Given that the effect is essentially identical to the syntax, it isn’t too surprising that extending denoteExpr to support Ecall is fairly trivial. We use :+: (called +' in the interaction trees library) to represent the union of two effects, i.e. an itree (A :+: B) t can do both A actions and B actions.

Fixpoint denoteExpr (e : expr) : itree (Locals :+: Calls) value :=
  match e with
  | ...
  | Ecall fn arg =>
    fnValue <- denoteExpr fn ;;
    argValue <- denoteExpr arg ;;
	Do (Call fnValue argValue)
  end.

Essentially, we are postponing the implementation of the calling logic to the effect interpreter. This insulates denoteExpr and denoteStmt from the implementation of the value type, preventing us from having to update these if we add new types, e.g. structures, unions, etc.

Functions Are IO

The generality of our implementation of functions (and indeed our other effects) means that we can actually use the same technique to model calls to functions defined in other languages and I/O. Note that when we define our interpreter for an effect, we can tract any information that we might need. In the case of locals, we tracked the local variable environment, but in the case of external functions or I/O, we can track the trace of all of the (external) function calls that we make. To see concretely how this would work, we can give a completely generic interpretation of interaction trees into traces3.

CoInductive trace (eff : Type -> Type) (t : Type) : Type :=
| TEnd (_ : t)
| TSend {u} (_ : eff u) (_ : traceK eff t u)
| TNever
with traceK (eff : Type -> Type) (t u : Type) : Type :=
| TKRecv (_ : u) (_ : trace eff t)
| TKNever.

CoInductive is_trace {eff : Type -> Type} {t}
: itree eff t -> trace eff t -> Prop :=
| is_trace_ret {v} : is_trace (Ret v) (TEnd v)
| is_trace_tau {it t} : is_trace it t -> is_trace (Tau it) t
| is_trace_send {u e itk kt} : is_traceK ikt kt -> is_trace (Vis e ikt) (Send e kt)
| is_trace_never {it} : Diverges it -> is_trace it TNever
with is_traceK {eff : Type -> Type} {t}
: forall {u}, (u -> itree eff t) -> traceK eff t u -> Prop :=
| is_traceK_recv {u} {v : u} {it} {t} : is_trace (it v) t -> is_traceK it ((TKRecv v t)
| is_traceK_never {u} {it} : Diverges it ->  @is_trace eff t u it TKNever.

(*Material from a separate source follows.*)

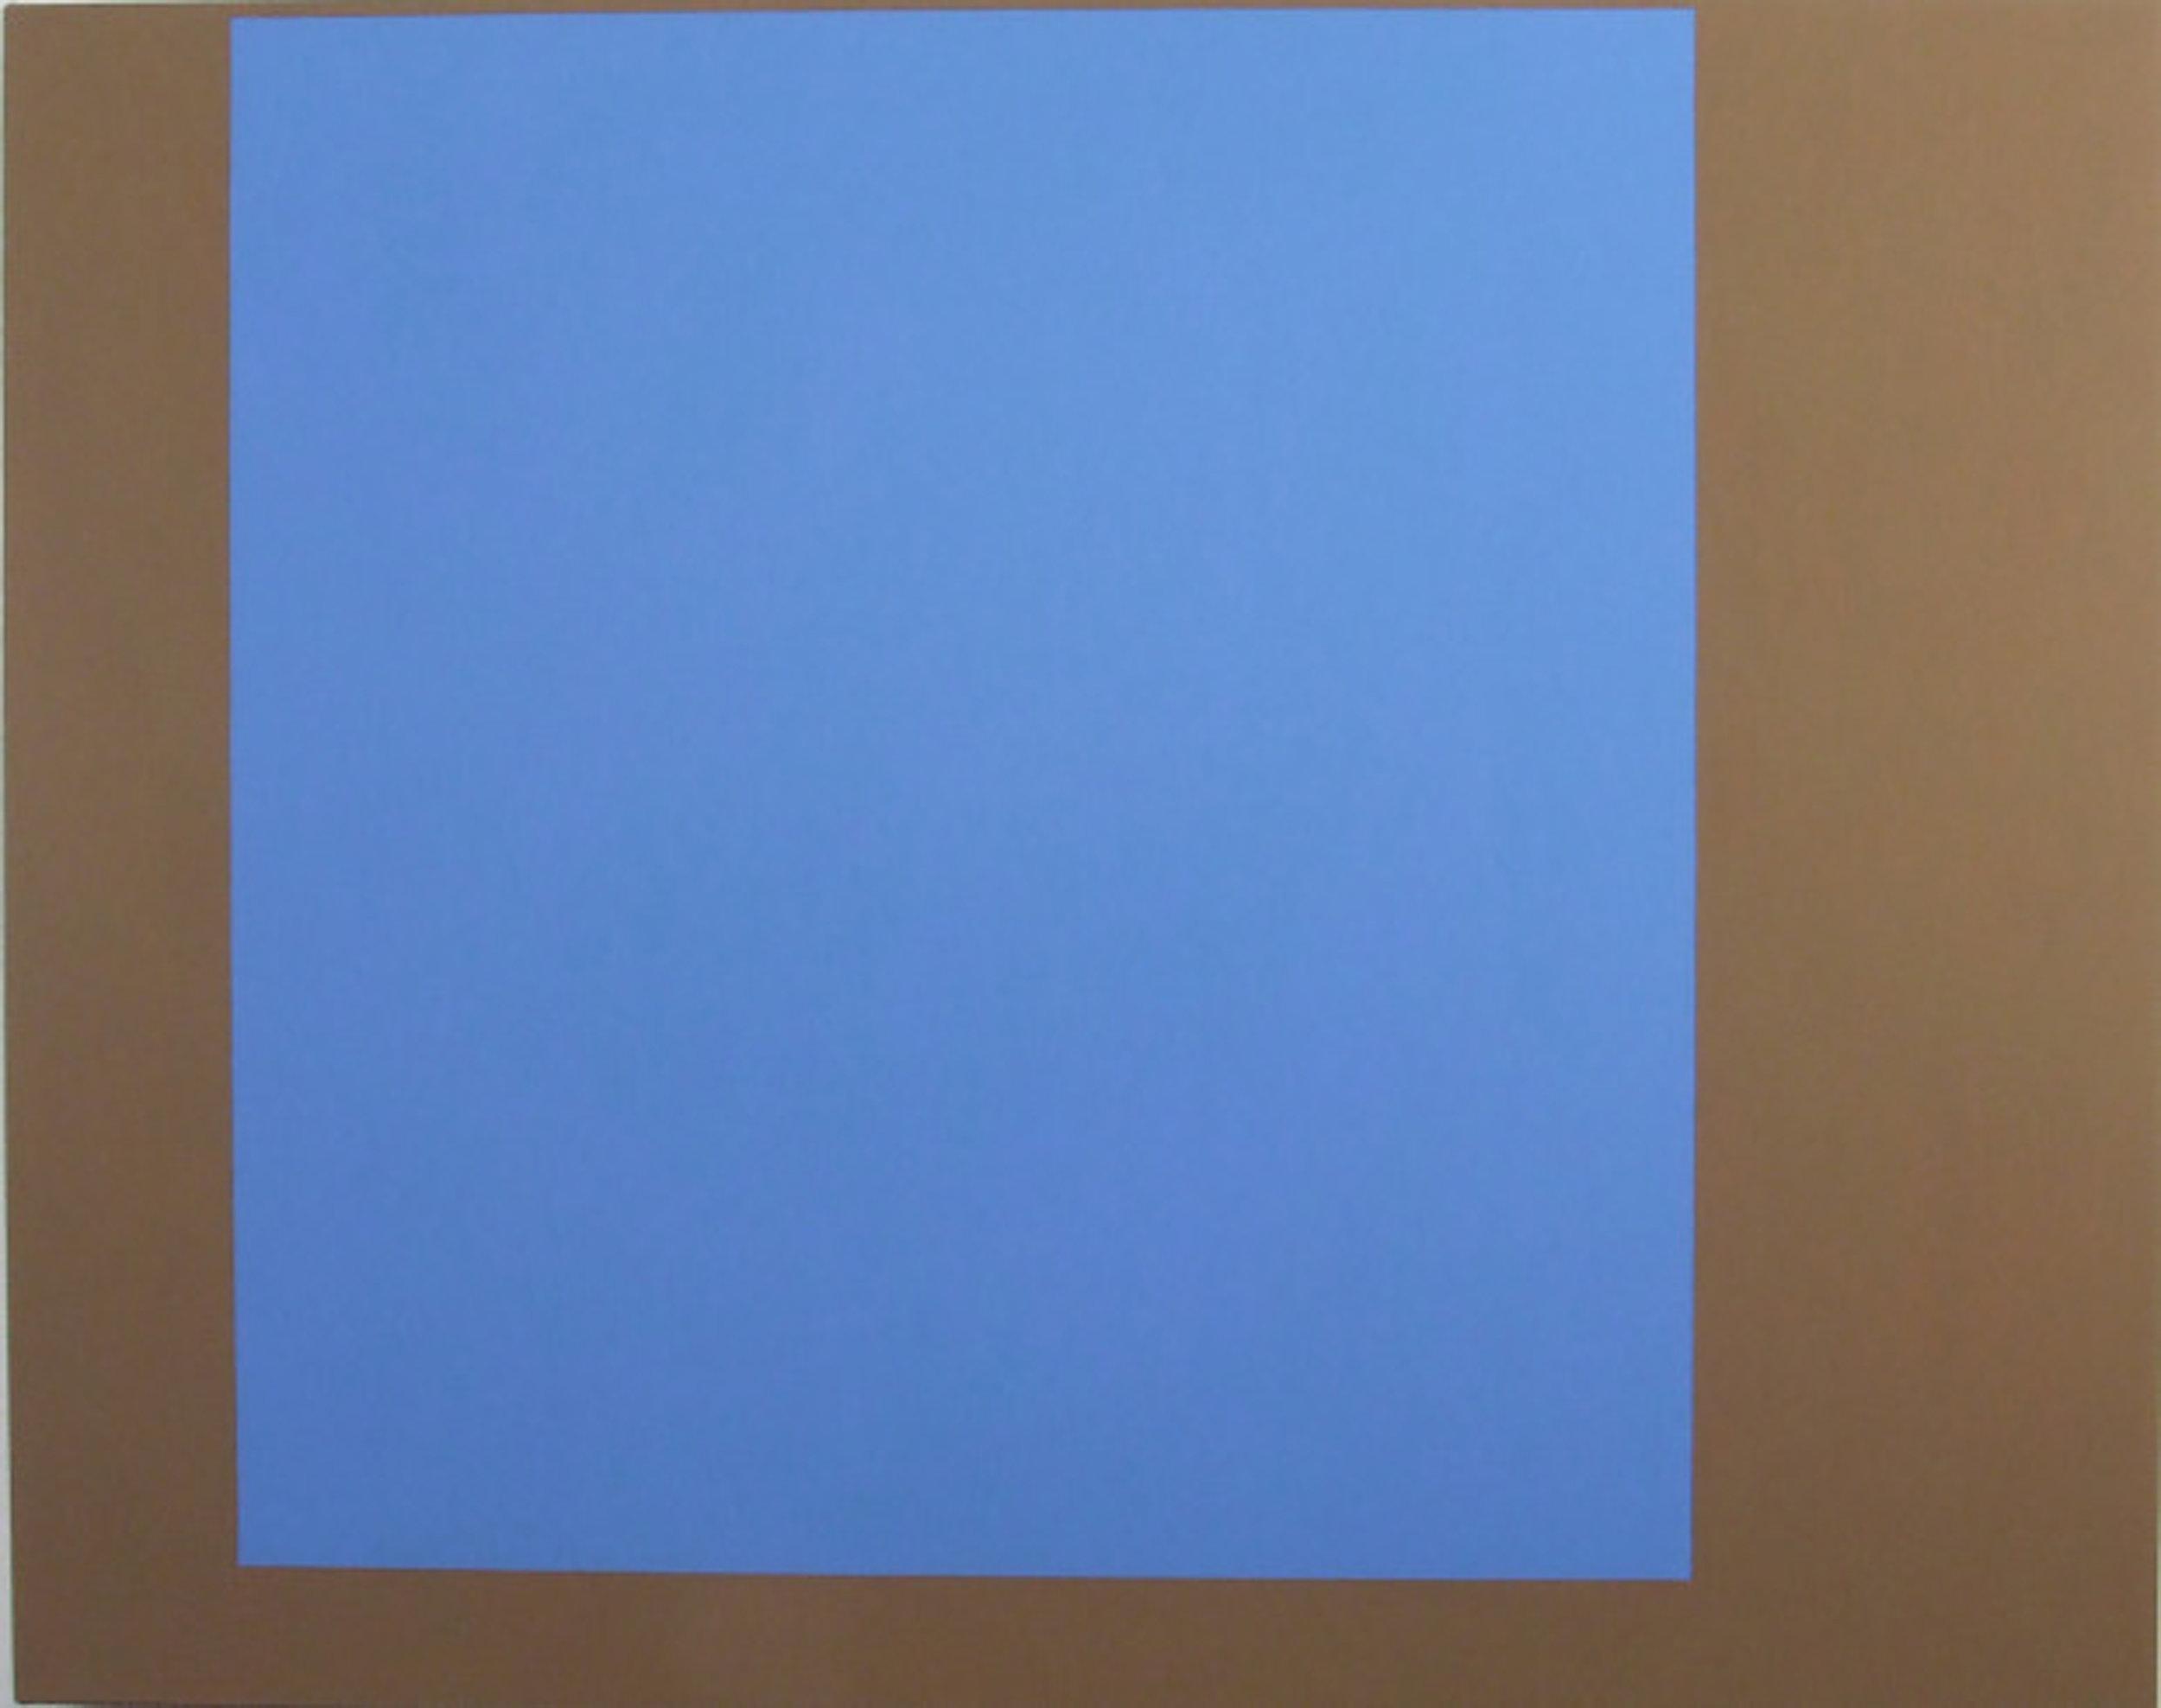 It's My Idea of Love #1, Ocean Park, Santa Monica, 37 x 47 inches / 93 x 119 cm, acrylic on canvas, 2005

This definition is slightly more complex than the standard one where we use lists of pairs of the action taken and the response for two reaons. First, since interaction trees are co-inductive, we need co-inductive lists (our type also includes the information “returned” by the computation) in order to account for the fact that an infinite number of interactions can occur. Second, separating Send and Recv makes it possible to model events that never return, e.g. the return value is Empty_set. Note that here I am collapsing an infinite number of Taus (described by Diverges) into TKNever. We need to do something similar in the trace type since this particular trace definition opts to drop consecutive Tau constructors.

Conclusions

In this post I demonatrated how to use interaction trees to give a compositional denotational semantics to imperative programs. The style leverages two properties of interaction trees. First, the co-inductive nature of interaction trees allows them to naturally capture non-termination. Second, algebraic effects (the name for the style used here) are composable allowing me to add additional effects without dramatically changing the underlying effect definition.

I’ve also done some experiments encoding more interesting control flow such as break and continue on top of these definitions. Those results, however, will have to wait for another post (if there is interest).

Footnotes

  1. While (no pun intended) this makes our semantics a bit more readable here, if we extend the language with richer control flow, e.g. try-catch or break, we need to abandon this definition in favor of a richer recursive structure. 

  2. In an alternate implementation, we could different constructors of Error to track different error sources, or we could parameterize Error by a type of errors. 

  3. There are several possible ways to define traces depending on whether you want to capture stuttering in the trace, or eliminate it. Different choices here make more sense depending on your particular interpretation of stuttering, i.e. if it is just a compositional representation of divergence, or it has some additional meaning, e.g. for step-indexing.